SINGAPORE — Wanting to avoid the paperwork for dealing with a suspect who refused to provide a urine sample, a Central Narcotics Bureau (CNB) officer substituted his own urine sample in place of the subject’s.

Staff Sergeant Mohamed Hafiz Lan, 41, was jailed for one-and-a-half years on Monday (3 August) after he pleaded guilty to one count of engaging in a conspiracy with two other officers, Muhammad Zuhairi Zainuri and Abdul Rahman Kadir to intentionally obstruct the course of justice, by replacing the urine of a man accused of consuming drugs with his own.

The officer, who has been with CNB for 21 years, did not want to put do the paperwork to charge Maung Moe Min Oo for failing to provide a urine sample, said Hafiz’s lawyer Amarick Gill.

Hafiz and Zuhairi hence decided to tamper with the Instant Urine Test (IUT) process, after Maung’s ion swab test showed a positive reading for methamphetamine for Maung, the lawyer continued.

Zuhairi and Rahman have not been dealt with by the court. All three officers were interdicted from service last July.

Facts of the case

On 15 August 2018, Maung, a 32-year-old Singaporean, and a female companion were entering Singapore via Woodlands Checkpoint at about 9pm when they were stopped by Immigration and Checkpoints Authority officers. A swab test revealed the possibility that they had consumed drugs that day.

About two hours later, both were referred to the CNB office at the checkpoint for an IUT to determine if they had indeed consumed drugs.

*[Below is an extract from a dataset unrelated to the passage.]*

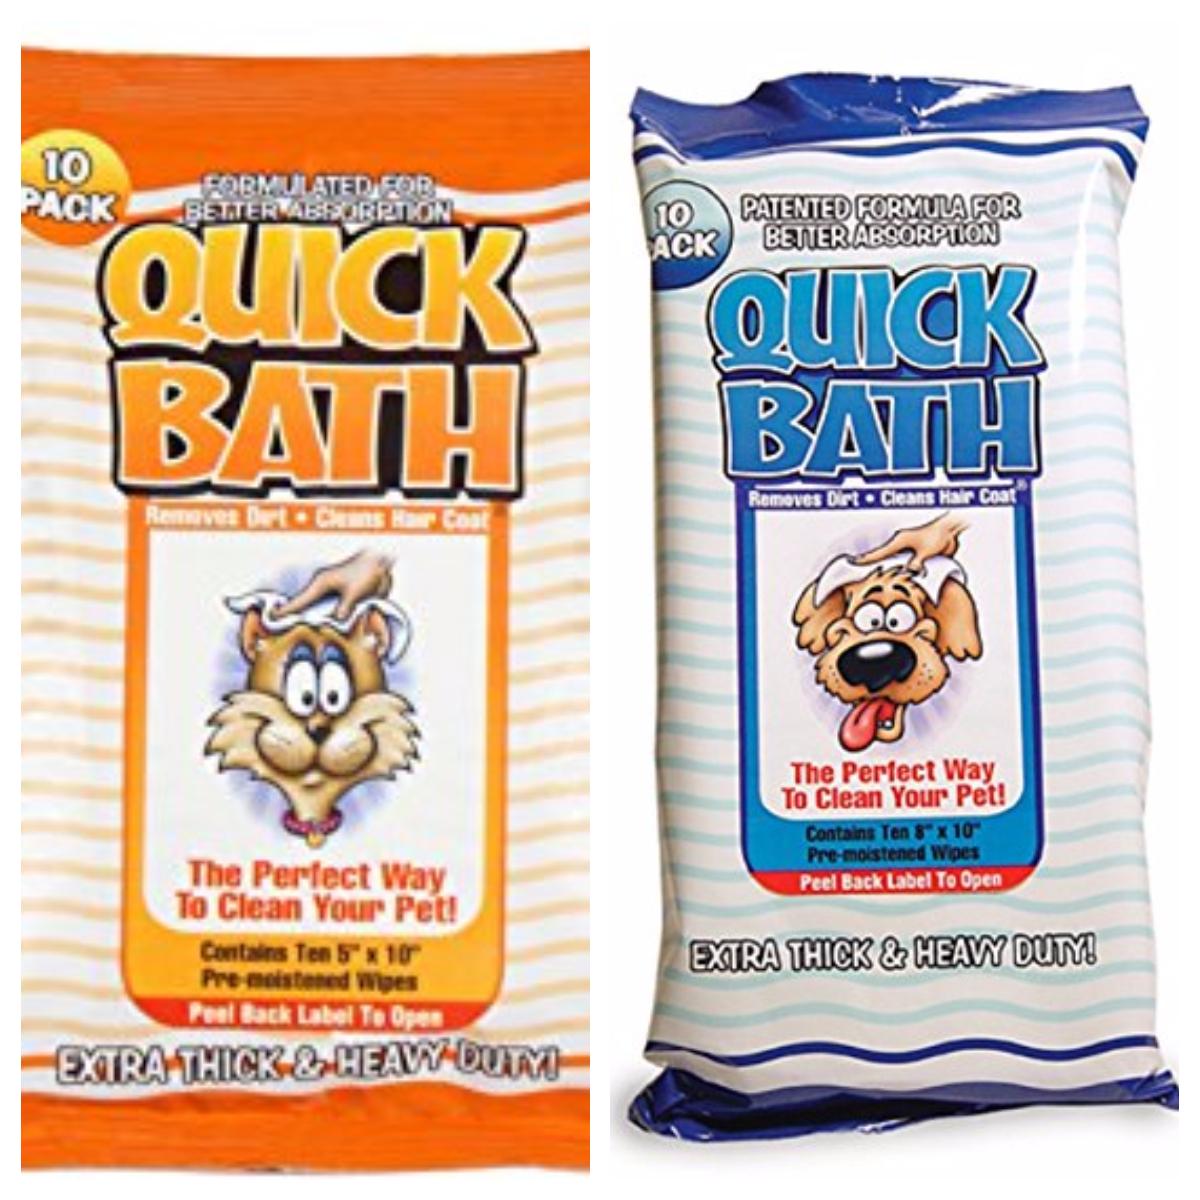 Quick Bath Collage

Rahman requested that Maung provide a urine sample. However, the latter declined and asked to speak to Rahman privately. Rahman then brought Maung to an interview room with Zuhairi present, where Maung pleaded for leniency and asked for help to pass the urine test.

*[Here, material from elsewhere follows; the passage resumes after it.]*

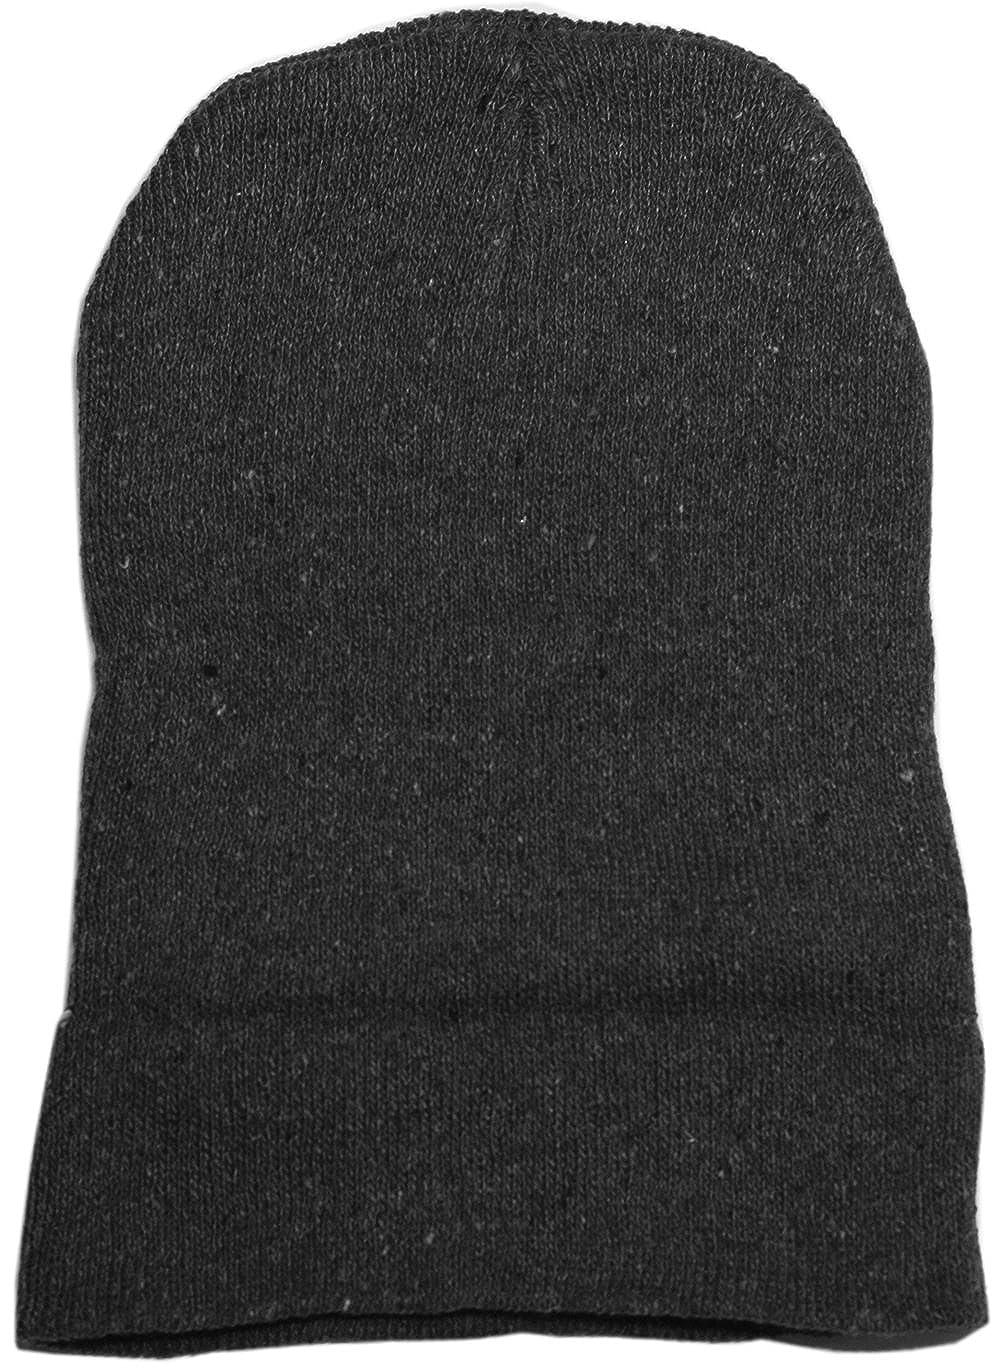 3199d8b2137 Beanie Ski Hat Snowboard Cap Ribbed Beanie Gray at Amazon Men s Clothing  store

He claimed that he might fail the IUT test as he had inhaled the fumes produced by another person who had smoked methamphetamine. In fact, Maung had consumed methamphetamine himself earlier that day.

Meanwhile, Zuhairi left the room and told Hafiz that Maung was not being cooperative. He suggested that Hafiz tamper with Maung’s urine sample by switching it with another sample to expedite Maung’s departure from the office with no action taken against him.

Hafiz agreed with the suggestion. He and Zuhairi then cooked up a plan to throw off possible investigations.

Zuhairi entered a toilet with an empty bottle and left it at the basin at the entrance. He then found a used bottle in the toilet’s rubbish bin, brought it outside and threw it away in a bin there.

He did this so that CCTV cameras would capture him disposing of a bottle in order to give the impression that he threw away the bottle he had originally brought into the toilet.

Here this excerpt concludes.